## [Task brief]
Exactly the lines from the top of the records below through the one containing "d9a9c4d6e Hvězda - velká" must be set down, with no line added or dropped.

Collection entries
Start of Block

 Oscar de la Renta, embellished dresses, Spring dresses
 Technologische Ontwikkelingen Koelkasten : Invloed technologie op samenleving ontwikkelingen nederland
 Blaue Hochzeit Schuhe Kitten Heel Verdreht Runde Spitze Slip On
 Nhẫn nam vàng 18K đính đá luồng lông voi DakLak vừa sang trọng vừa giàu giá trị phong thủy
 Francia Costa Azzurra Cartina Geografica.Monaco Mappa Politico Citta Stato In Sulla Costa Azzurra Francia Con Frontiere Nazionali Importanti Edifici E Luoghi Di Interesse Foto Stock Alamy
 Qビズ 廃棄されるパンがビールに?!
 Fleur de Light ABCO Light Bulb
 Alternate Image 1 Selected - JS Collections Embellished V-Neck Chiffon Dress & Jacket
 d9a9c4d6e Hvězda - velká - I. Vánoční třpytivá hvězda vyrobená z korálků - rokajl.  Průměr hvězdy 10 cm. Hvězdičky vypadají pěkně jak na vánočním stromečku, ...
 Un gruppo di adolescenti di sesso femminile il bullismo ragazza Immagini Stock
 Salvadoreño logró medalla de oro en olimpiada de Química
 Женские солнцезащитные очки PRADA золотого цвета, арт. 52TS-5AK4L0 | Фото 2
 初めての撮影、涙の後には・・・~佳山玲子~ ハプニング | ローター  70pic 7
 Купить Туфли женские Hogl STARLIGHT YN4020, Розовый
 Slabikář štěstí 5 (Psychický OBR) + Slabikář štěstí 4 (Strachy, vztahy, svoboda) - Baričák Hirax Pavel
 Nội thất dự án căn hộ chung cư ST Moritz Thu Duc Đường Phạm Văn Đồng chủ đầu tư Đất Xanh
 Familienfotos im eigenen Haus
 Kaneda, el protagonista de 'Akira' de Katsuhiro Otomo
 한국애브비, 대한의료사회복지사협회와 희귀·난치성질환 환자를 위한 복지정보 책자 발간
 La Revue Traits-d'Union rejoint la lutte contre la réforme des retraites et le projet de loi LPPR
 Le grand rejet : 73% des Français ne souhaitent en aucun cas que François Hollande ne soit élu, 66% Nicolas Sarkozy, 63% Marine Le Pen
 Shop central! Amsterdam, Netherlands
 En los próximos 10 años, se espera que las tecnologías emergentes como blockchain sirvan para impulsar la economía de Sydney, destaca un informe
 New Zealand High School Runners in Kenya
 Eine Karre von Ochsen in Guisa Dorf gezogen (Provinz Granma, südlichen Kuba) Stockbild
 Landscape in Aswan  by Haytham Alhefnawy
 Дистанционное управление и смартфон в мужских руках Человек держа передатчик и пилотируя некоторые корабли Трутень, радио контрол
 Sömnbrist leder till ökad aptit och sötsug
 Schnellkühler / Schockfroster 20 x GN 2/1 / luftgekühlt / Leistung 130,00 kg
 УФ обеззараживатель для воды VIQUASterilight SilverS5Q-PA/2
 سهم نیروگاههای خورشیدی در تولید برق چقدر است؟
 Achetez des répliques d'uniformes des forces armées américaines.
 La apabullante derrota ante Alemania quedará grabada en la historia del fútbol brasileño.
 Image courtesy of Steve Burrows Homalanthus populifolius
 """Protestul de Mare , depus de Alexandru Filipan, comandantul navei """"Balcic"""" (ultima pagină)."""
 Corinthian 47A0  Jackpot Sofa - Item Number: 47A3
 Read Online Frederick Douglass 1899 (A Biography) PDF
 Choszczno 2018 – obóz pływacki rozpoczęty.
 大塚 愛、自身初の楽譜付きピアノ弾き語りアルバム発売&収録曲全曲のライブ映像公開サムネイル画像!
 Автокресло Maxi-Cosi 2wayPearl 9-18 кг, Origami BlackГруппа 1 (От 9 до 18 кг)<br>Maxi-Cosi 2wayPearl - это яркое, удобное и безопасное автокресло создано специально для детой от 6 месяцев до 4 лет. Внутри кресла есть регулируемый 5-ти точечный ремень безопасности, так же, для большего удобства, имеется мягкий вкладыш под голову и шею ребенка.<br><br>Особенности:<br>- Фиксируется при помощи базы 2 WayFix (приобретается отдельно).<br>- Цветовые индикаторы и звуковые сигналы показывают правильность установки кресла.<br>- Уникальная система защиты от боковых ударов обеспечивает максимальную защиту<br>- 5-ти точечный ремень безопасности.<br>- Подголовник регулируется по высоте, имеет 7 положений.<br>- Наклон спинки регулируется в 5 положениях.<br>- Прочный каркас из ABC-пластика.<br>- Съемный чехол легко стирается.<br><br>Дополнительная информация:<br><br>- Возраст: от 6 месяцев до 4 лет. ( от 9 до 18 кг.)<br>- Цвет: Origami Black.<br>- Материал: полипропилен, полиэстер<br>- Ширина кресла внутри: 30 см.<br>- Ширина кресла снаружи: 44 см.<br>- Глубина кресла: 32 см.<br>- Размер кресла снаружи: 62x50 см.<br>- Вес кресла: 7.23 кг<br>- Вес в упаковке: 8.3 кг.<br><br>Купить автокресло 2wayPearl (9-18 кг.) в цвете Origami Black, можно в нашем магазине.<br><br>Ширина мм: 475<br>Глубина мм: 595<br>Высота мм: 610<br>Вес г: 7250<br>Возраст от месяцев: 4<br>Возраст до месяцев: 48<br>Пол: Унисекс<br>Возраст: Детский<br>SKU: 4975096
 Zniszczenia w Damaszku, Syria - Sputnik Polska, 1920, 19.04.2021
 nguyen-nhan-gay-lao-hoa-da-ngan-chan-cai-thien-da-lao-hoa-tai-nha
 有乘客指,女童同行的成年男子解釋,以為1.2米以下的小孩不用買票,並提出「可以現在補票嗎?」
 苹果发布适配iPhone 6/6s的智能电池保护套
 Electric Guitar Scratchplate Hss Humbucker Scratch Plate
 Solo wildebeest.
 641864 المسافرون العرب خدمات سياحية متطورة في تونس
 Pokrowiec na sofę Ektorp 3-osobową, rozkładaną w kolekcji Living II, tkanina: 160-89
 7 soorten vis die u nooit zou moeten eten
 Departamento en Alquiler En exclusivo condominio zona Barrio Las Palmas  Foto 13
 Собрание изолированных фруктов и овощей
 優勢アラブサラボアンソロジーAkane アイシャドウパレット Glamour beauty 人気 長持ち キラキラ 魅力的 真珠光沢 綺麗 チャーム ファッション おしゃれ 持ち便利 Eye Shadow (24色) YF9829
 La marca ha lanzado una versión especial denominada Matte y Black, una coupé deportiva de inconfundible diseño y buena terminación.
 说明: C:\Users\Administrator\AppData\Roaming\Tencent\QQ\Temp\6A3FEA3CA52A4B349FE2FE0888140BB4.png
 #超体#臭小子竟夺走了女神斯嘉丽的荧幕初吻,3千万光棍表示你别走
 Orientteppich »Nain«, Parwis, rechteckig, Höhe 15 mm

End of Block

## [Exercise answer]
 Oscar de la Renta, embellished dresses, Spring dresses
 Technologische Ontwikkelingen Koelkasten : Invloed technologie op samenleving ontwikkelingen nederland
 Blaue Hochzeit Schuhe Kitten Heel Verdreht Runde Spitze Slip On
 Nhẫn nam vàng 18K đính đá luồng lông voi DakLak vừa sang trọng vừa giàu giá trị phong thủy
 Francia Costa Azzurra Cartina Geografica.Monaco Mappa Politico Citta Stato In Sulla Costa Azzurra Francia Con Frontiere Nazionali Importanti Edifici E Luoghi Di Interesse Foto Stock Alamy
 Qビズ 廃棄されるパンがビールに?!
 Fleur de Light ABCO Light Bulb
 Alternate Image 1 Selected - JS Collections Embellished V-Neck Chiffon Dress & Jacket
 d9a9c4d6e Hvězda - velká - I. Vánoční třpytivá hvězda vyrobená z korálků - rokajl.  Průměr hvězdy 10 cm. Hvězdičky vypadají pěkně jak na vánočním stromečku, ...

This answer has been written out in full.